● BRIEF:
Please copy the records below word for word, leaving out the pictures.

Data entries
+++

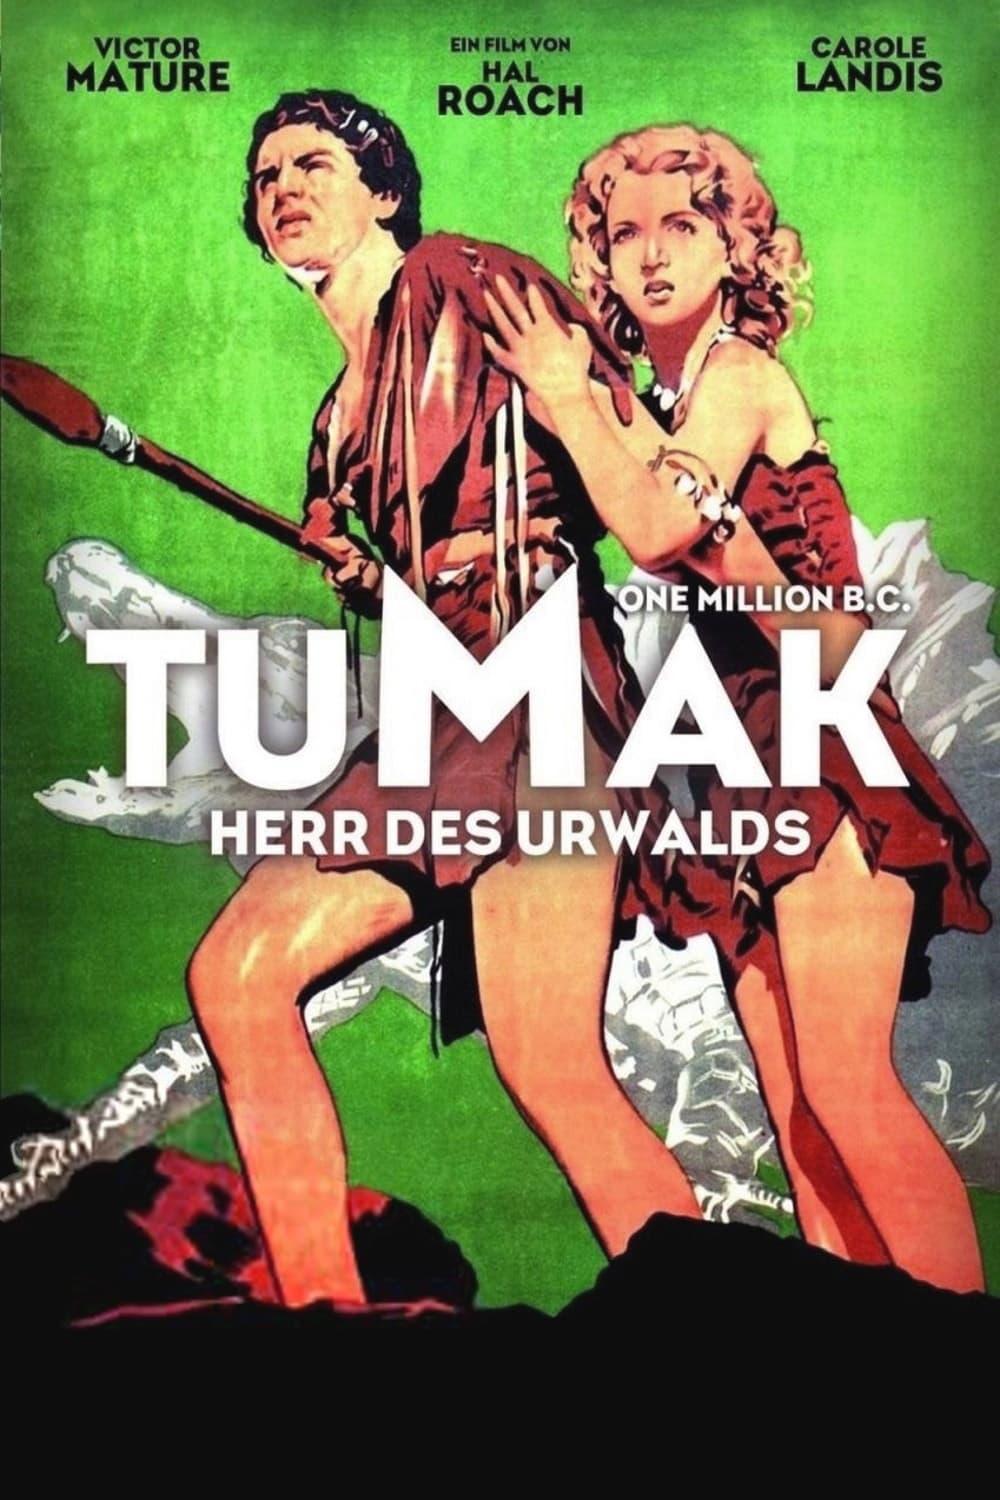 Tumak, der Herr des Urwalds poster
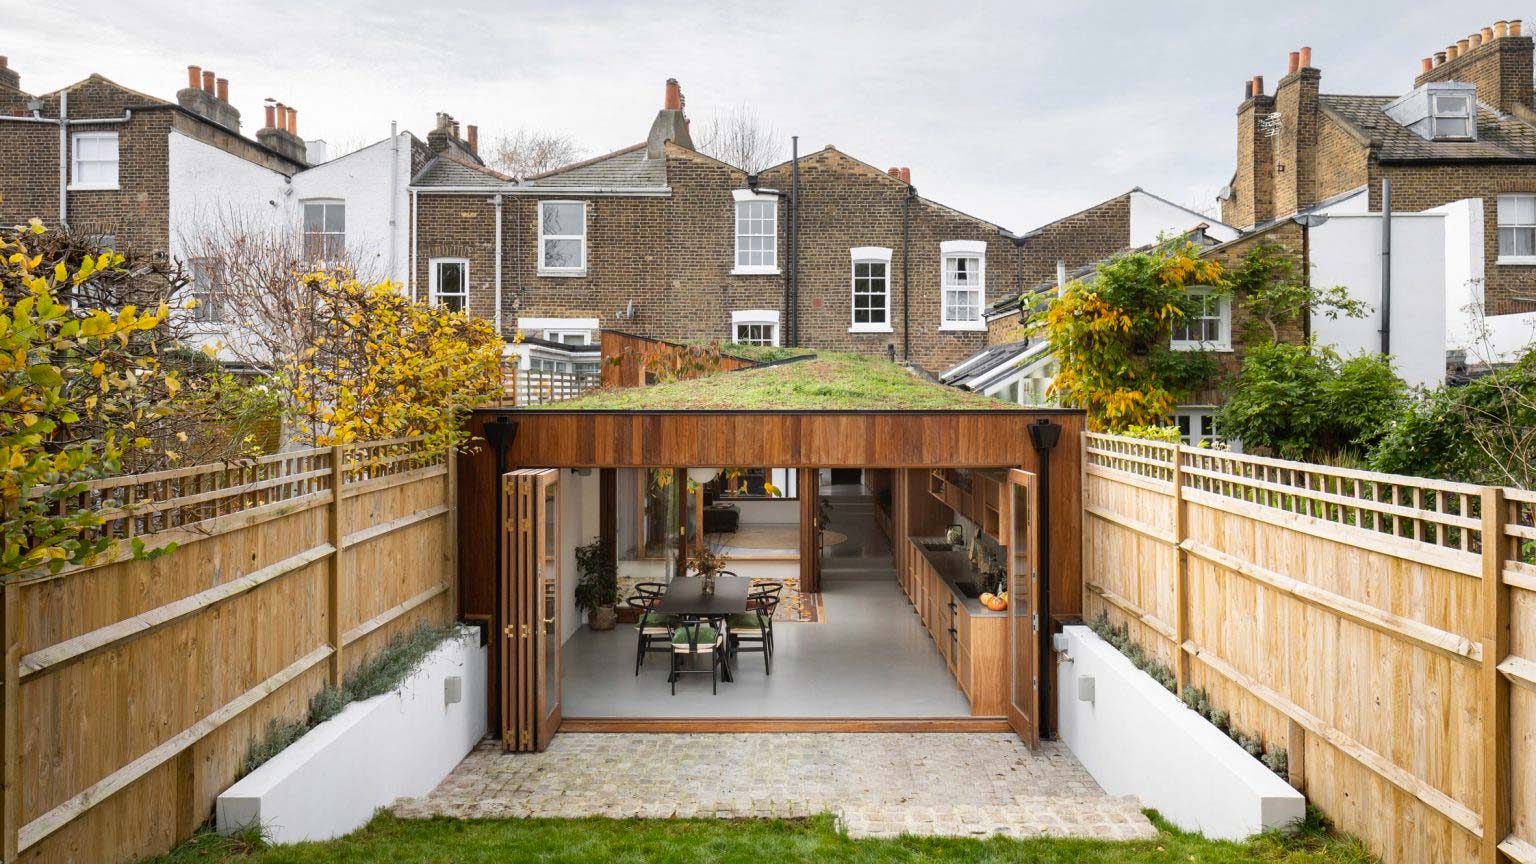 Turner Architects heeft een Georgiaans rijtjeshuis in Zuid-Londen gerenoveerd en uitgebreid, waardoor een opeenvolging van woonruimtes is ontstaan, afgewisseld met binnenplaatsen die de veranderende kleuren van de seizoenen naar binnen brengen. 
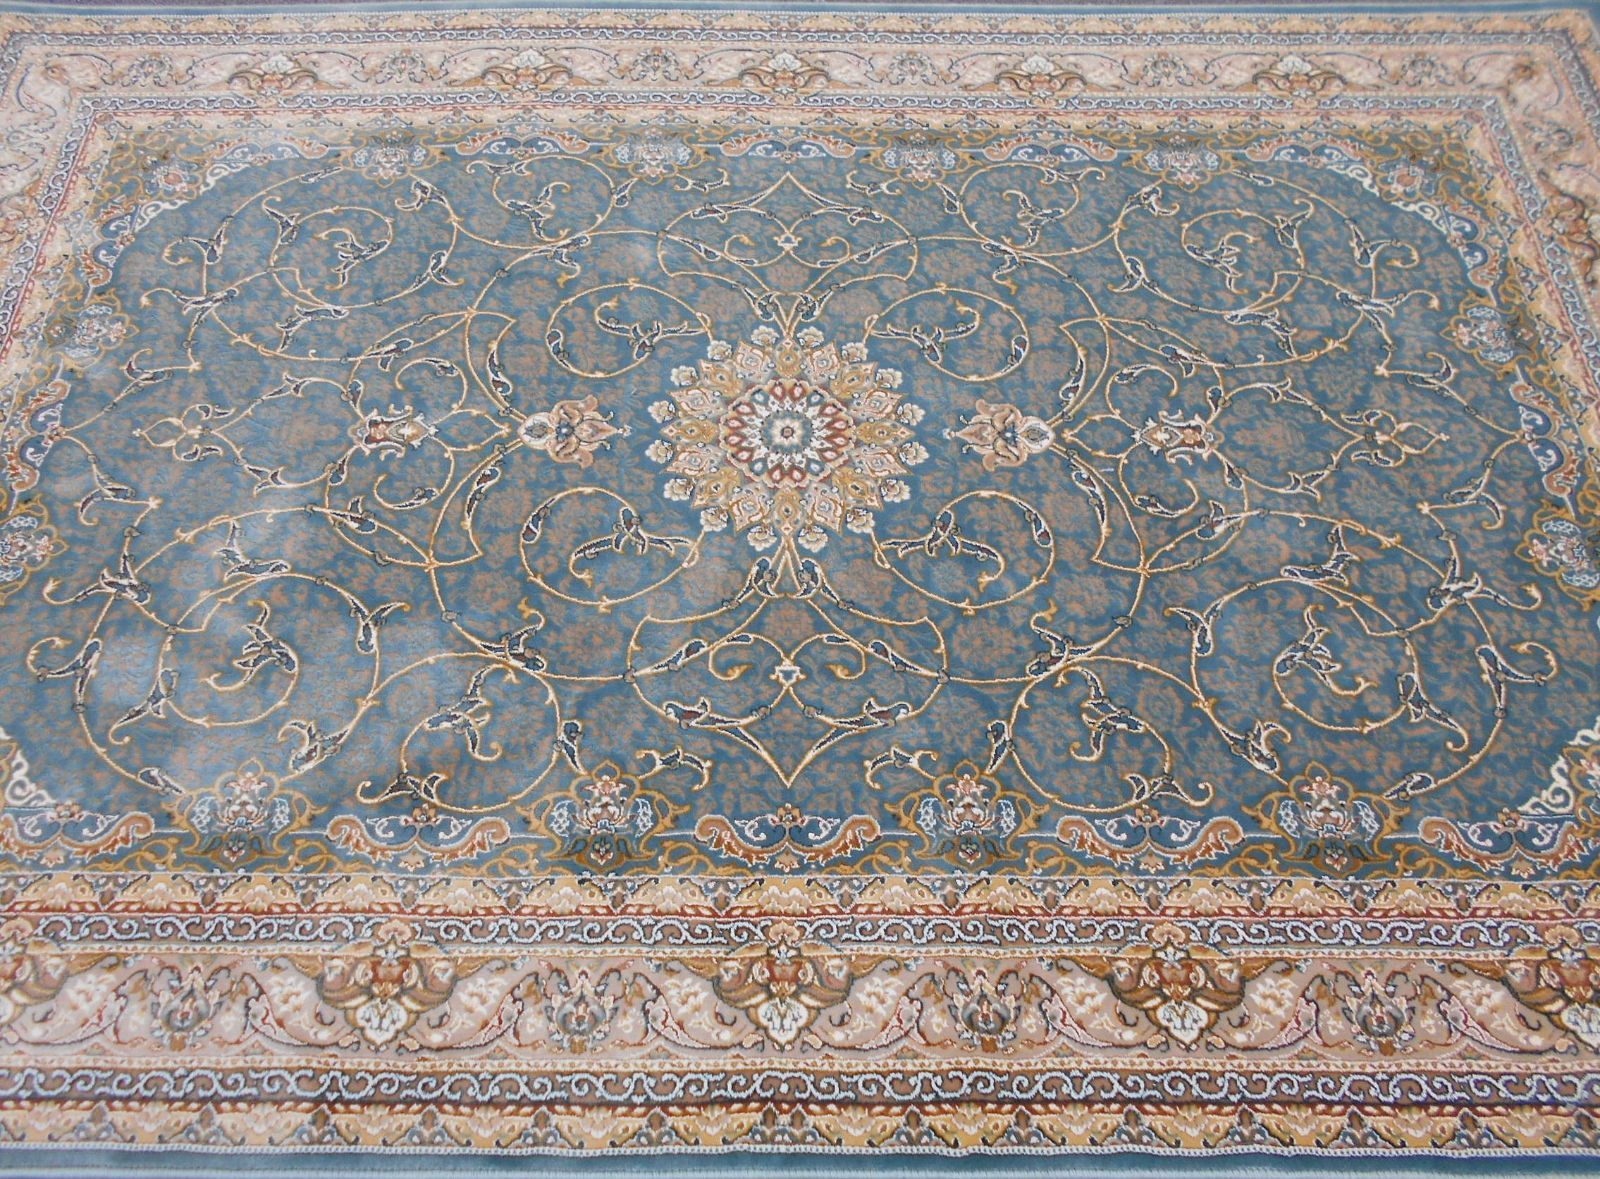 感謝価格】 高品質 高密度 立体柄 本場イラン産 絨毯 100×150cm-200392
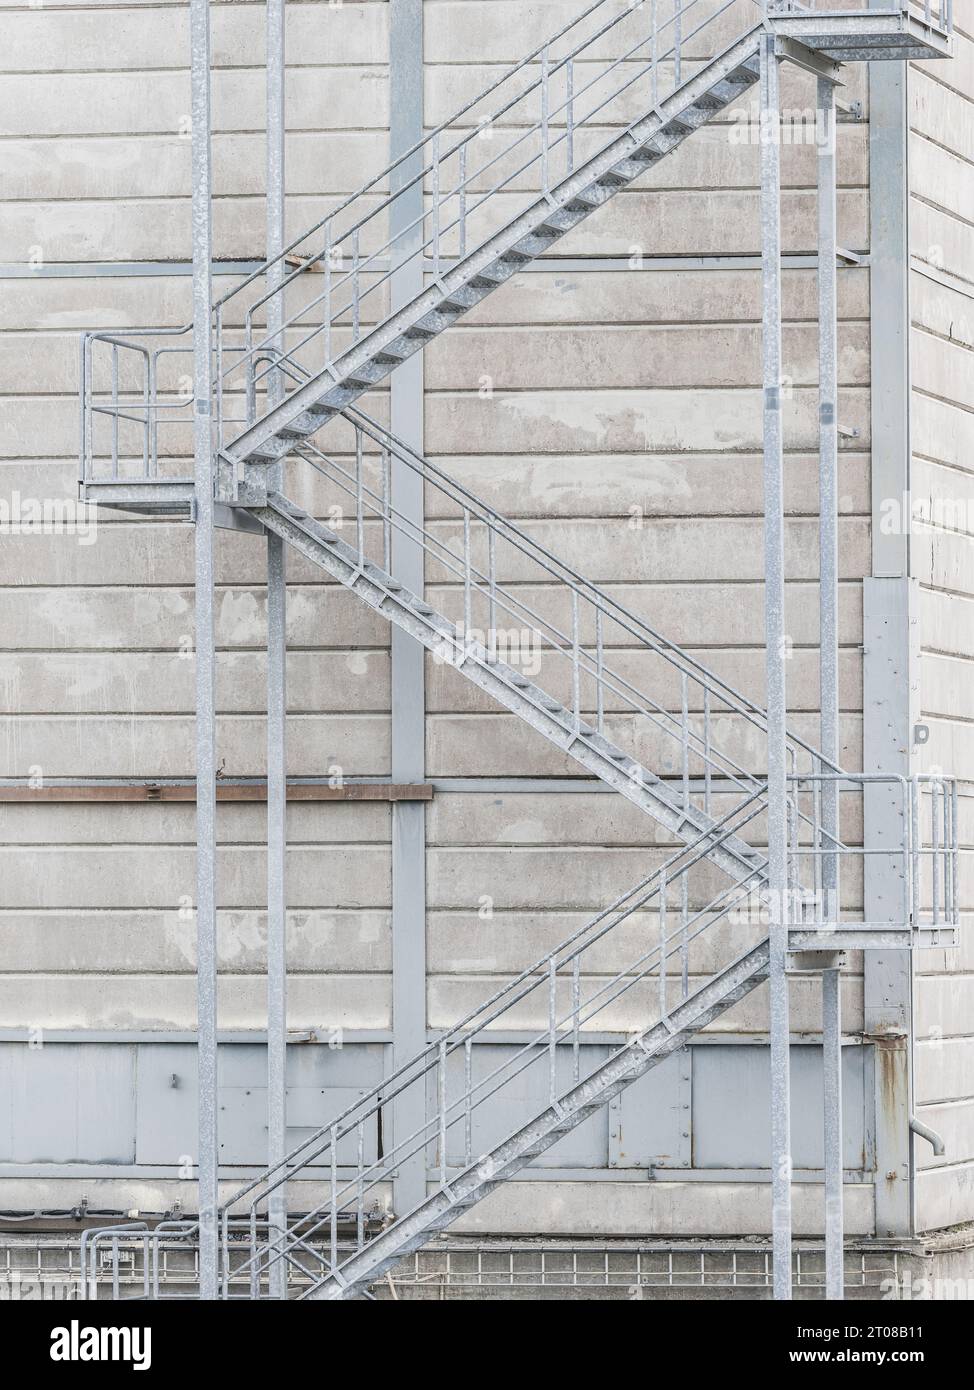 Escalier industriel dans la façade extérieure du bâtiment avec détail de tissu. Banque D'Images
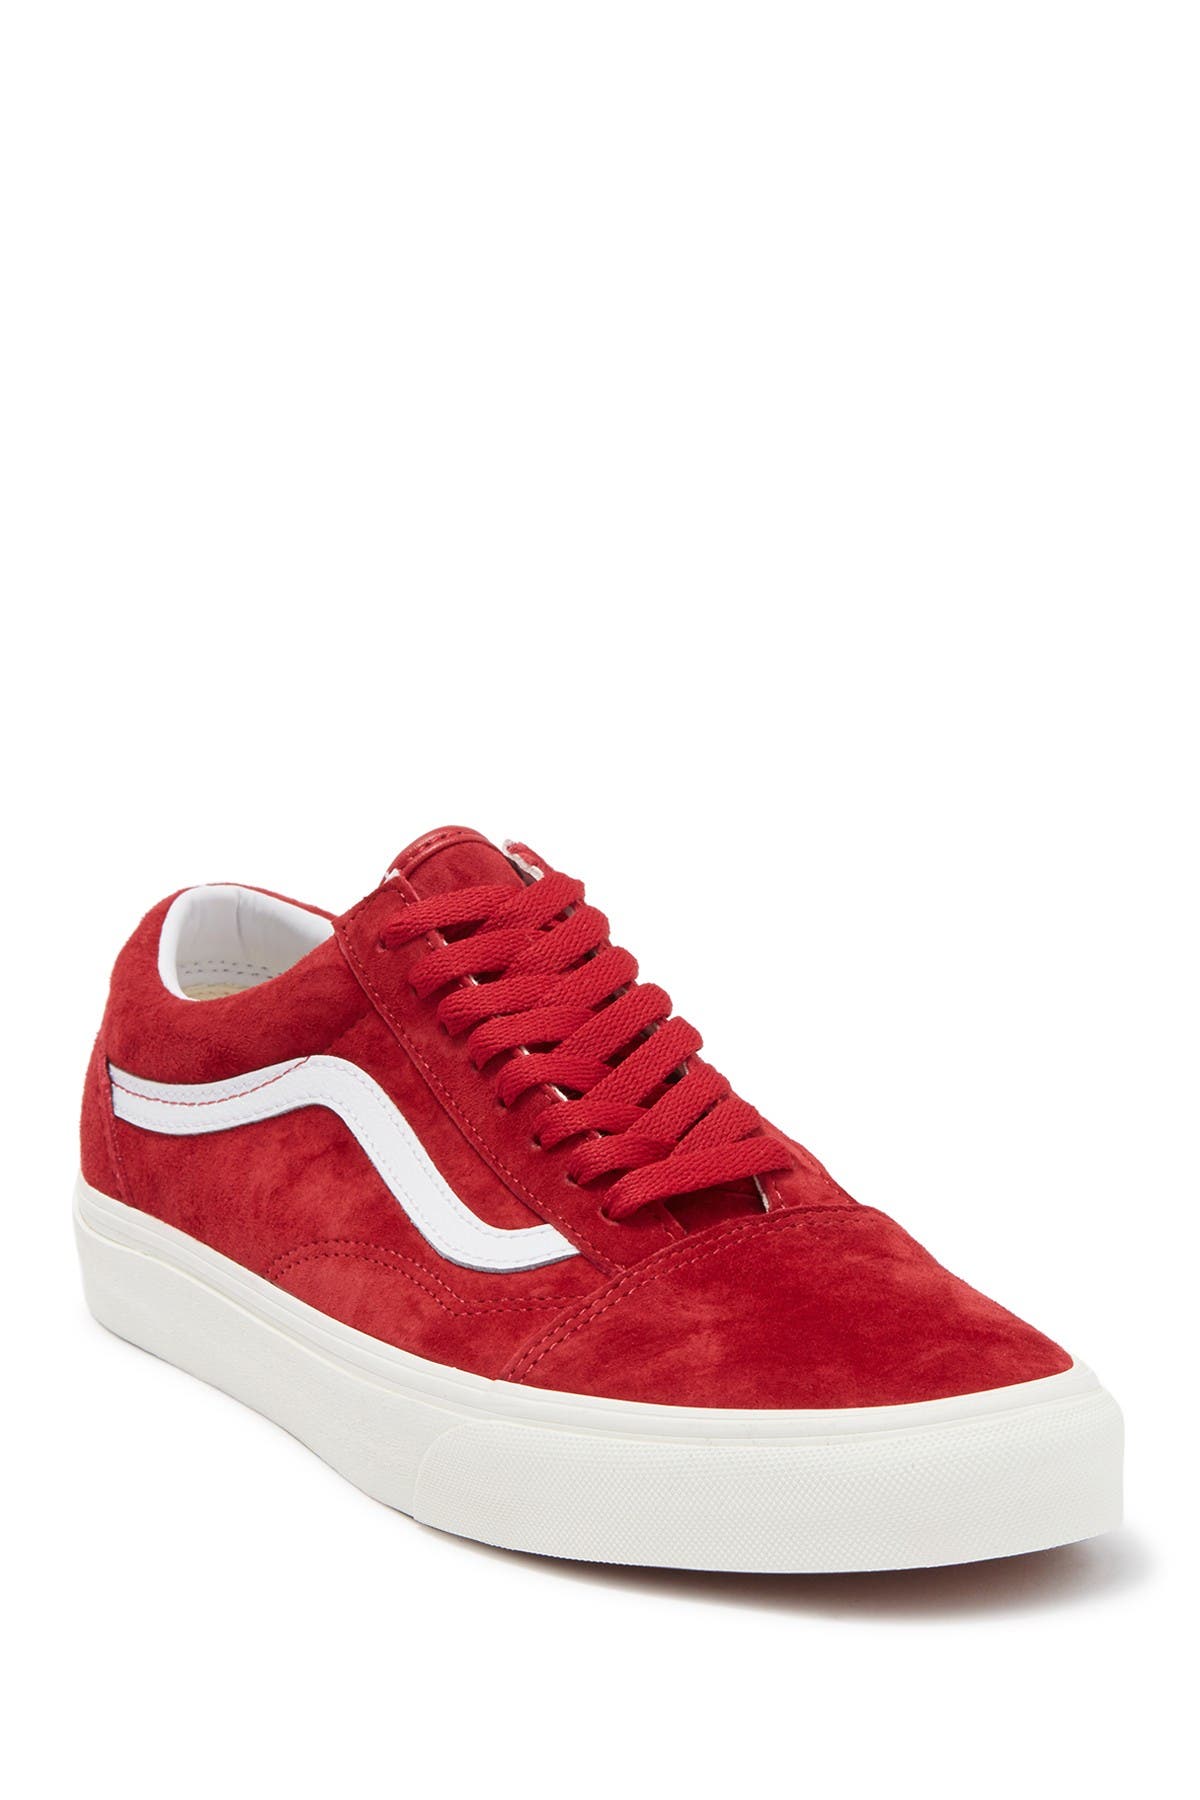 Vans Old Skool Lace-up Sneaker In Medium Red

+++

● OUTPUT:
 Tumak, der Herr des Urwalds poster
 Turner Architects heeft een Georgiaans rijtjeshuis in Zuid-Londen gerenoveerd en uitgebreid, waardoor een opeenvolging van woonruimtes is ontstaan, afgewisseld met binnenplaatsen die de veranderende kleuren van de seizoenen naar binnen brengen. 
 感謝価格】 高品質 高密度 立体柄 本場イラン産 絨毯 100×150cm-200392
 Escalier industriel dans la façade extérieure du bâtiment avec détail de tissu. Banque D'Images
 Vans Old Skool Lace-up Sneaker In Medium Red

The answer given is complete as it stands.